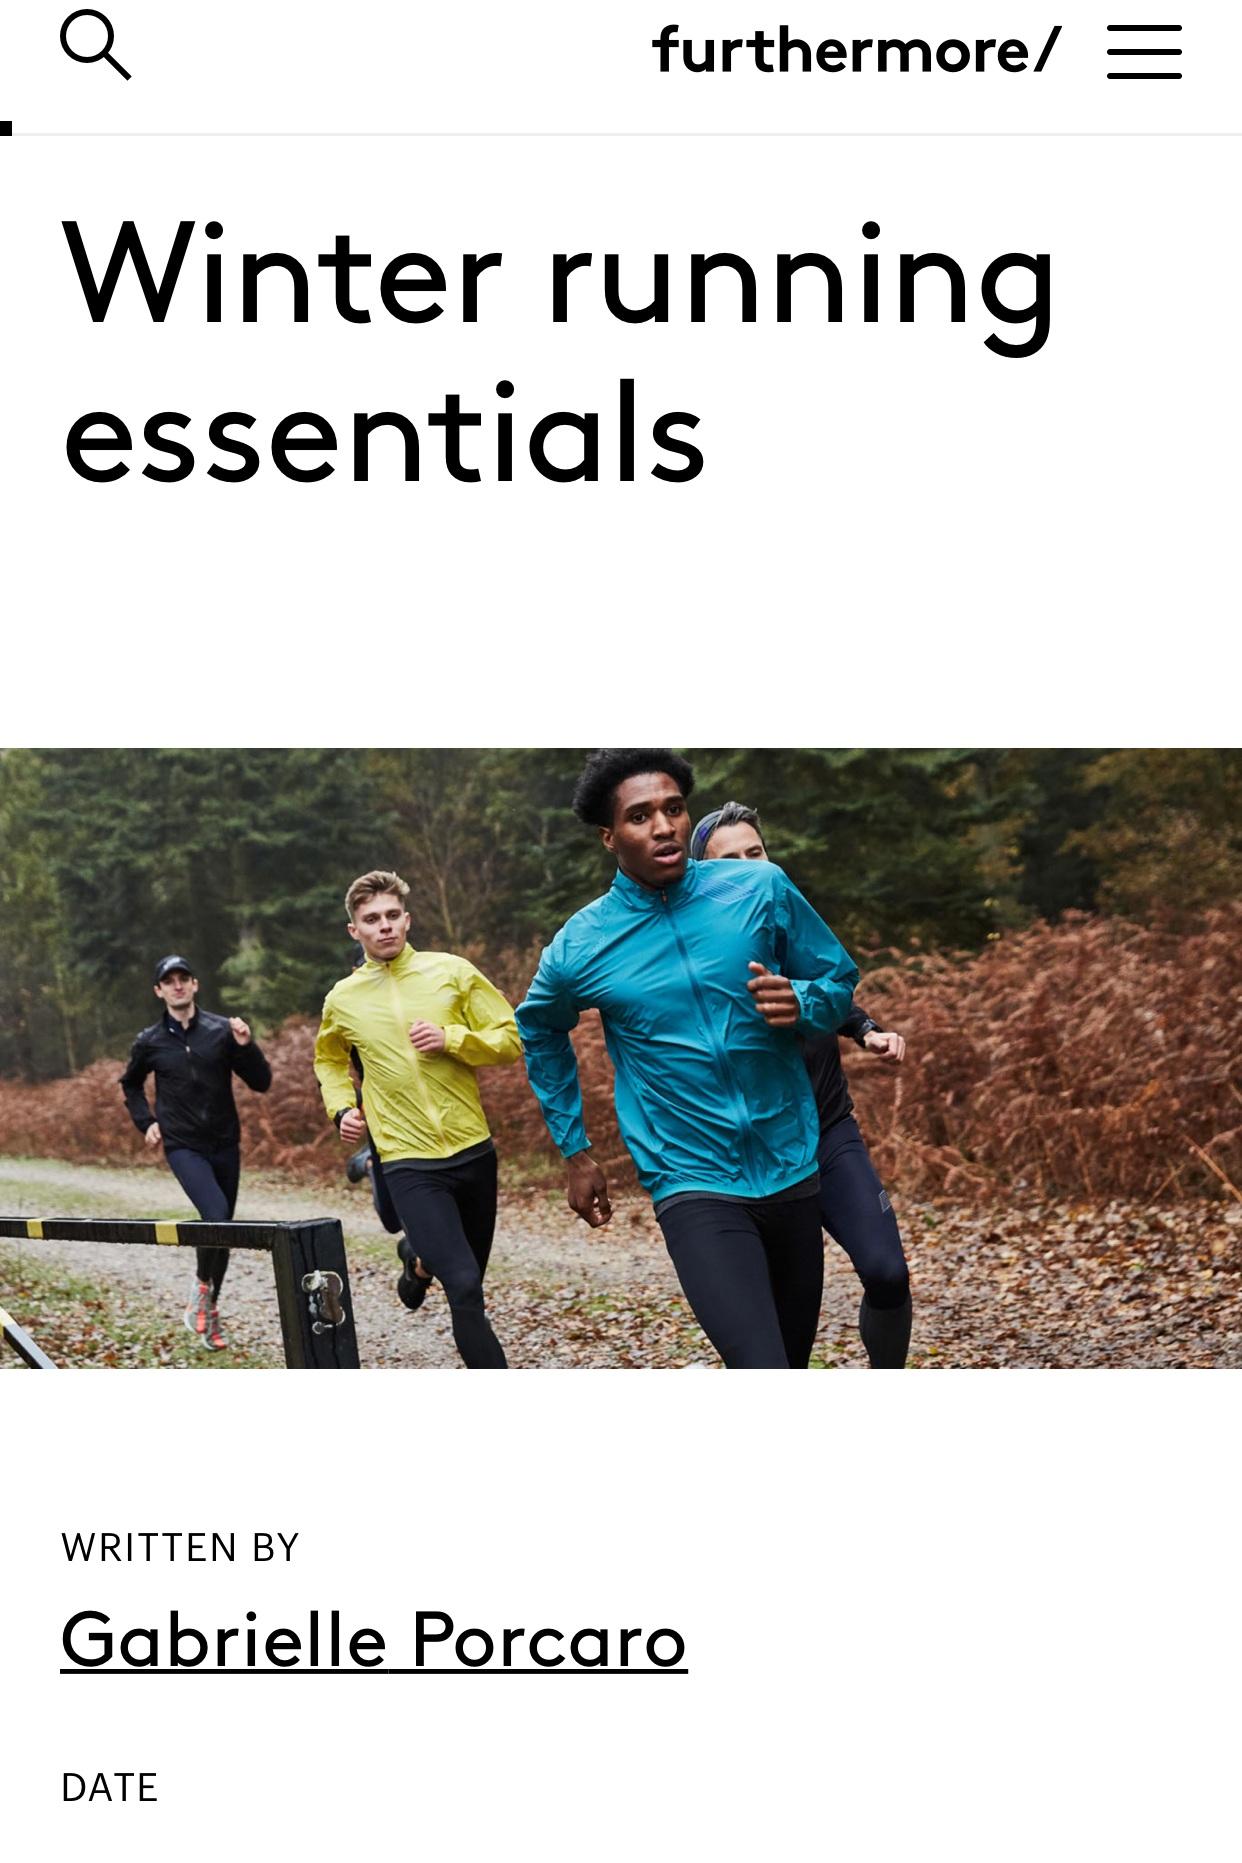 Furthermore: Winter Running Essentials - January 25, 2019
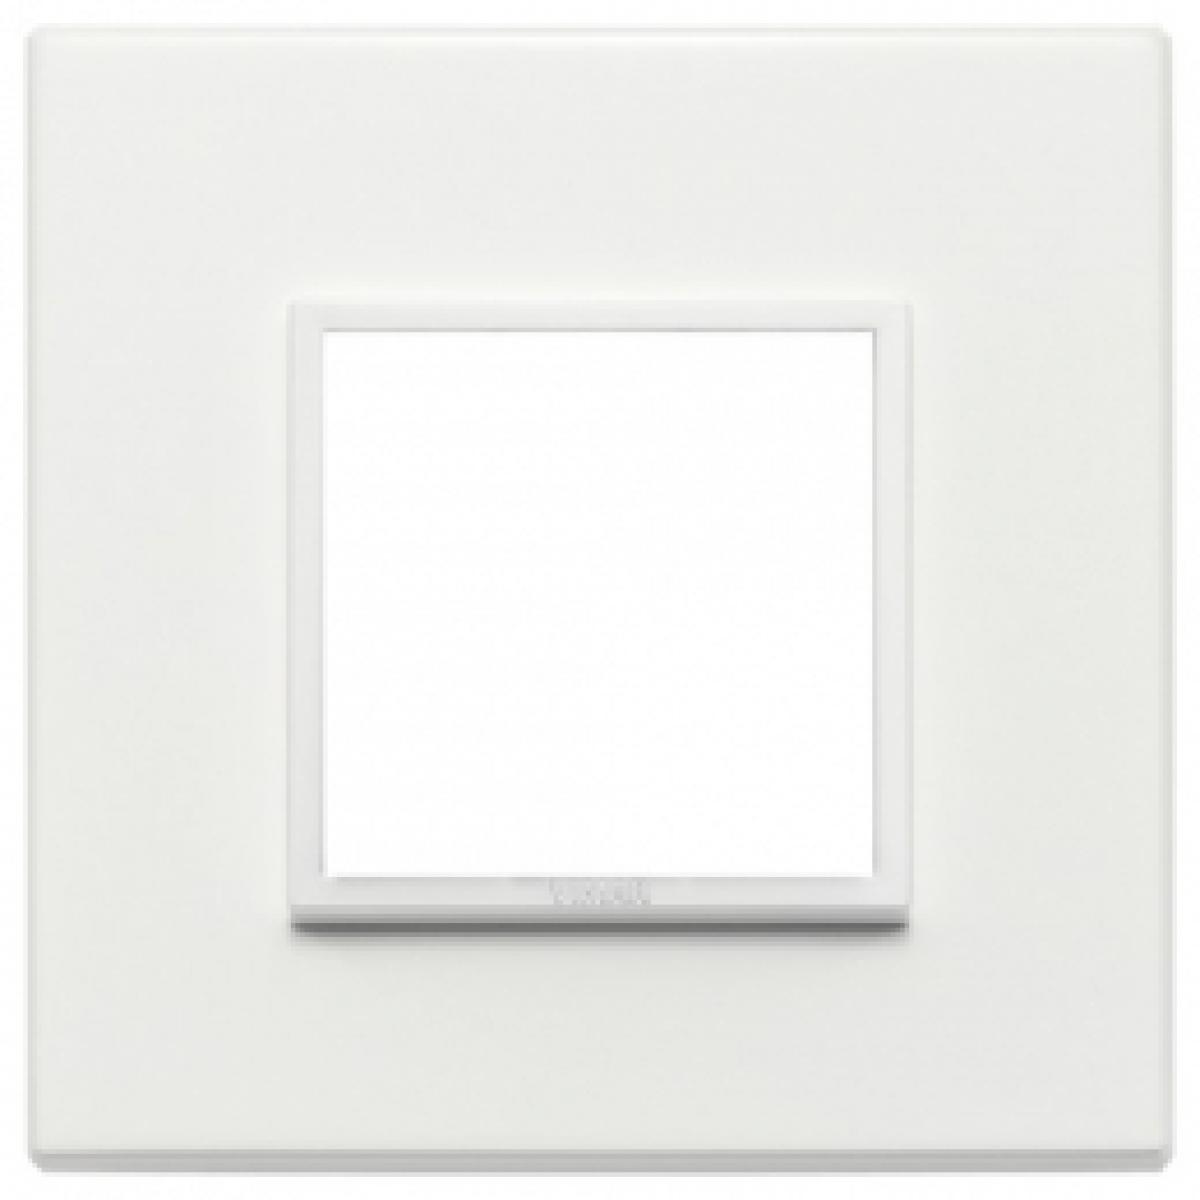 Eikon evo vimar  placca 2 posti colore bianco totale 21642.70
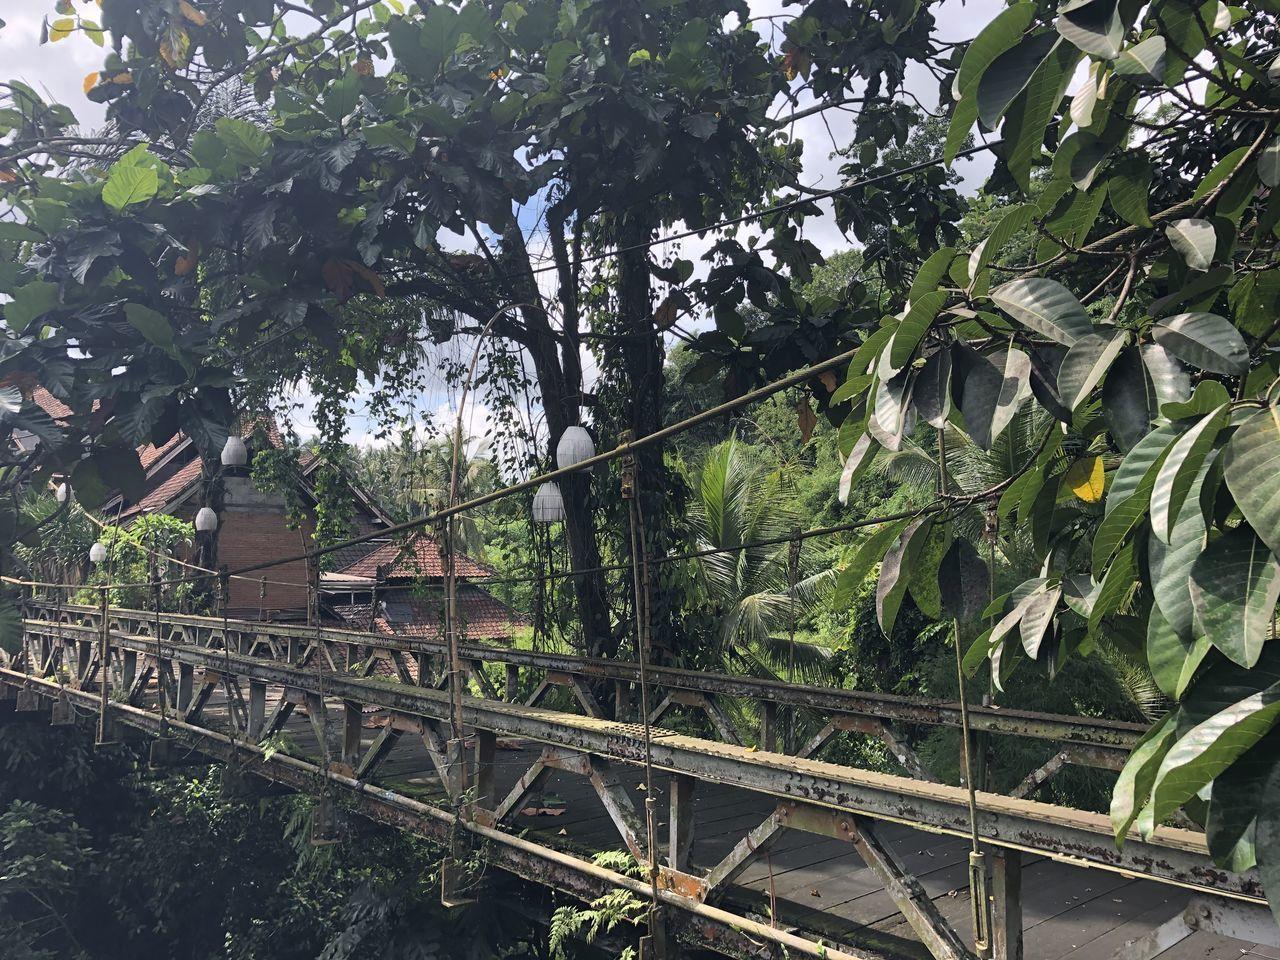 LOW ANGLE VIEW OF BRIDGE AMIDST PLANTS

☆ ☆ ☆

§ **Action item**
Give back the full data exactly as it reads, but drop the pictures.

§ **Result of this task**
 Furthermore: Winter Running Essentials - January 25, 2019
 Eikon evo vimar  placca 2 posti colore bianco totale 21642.70
 LOW ANGLE VIEW OF BRIDGE AMIDST PLANTS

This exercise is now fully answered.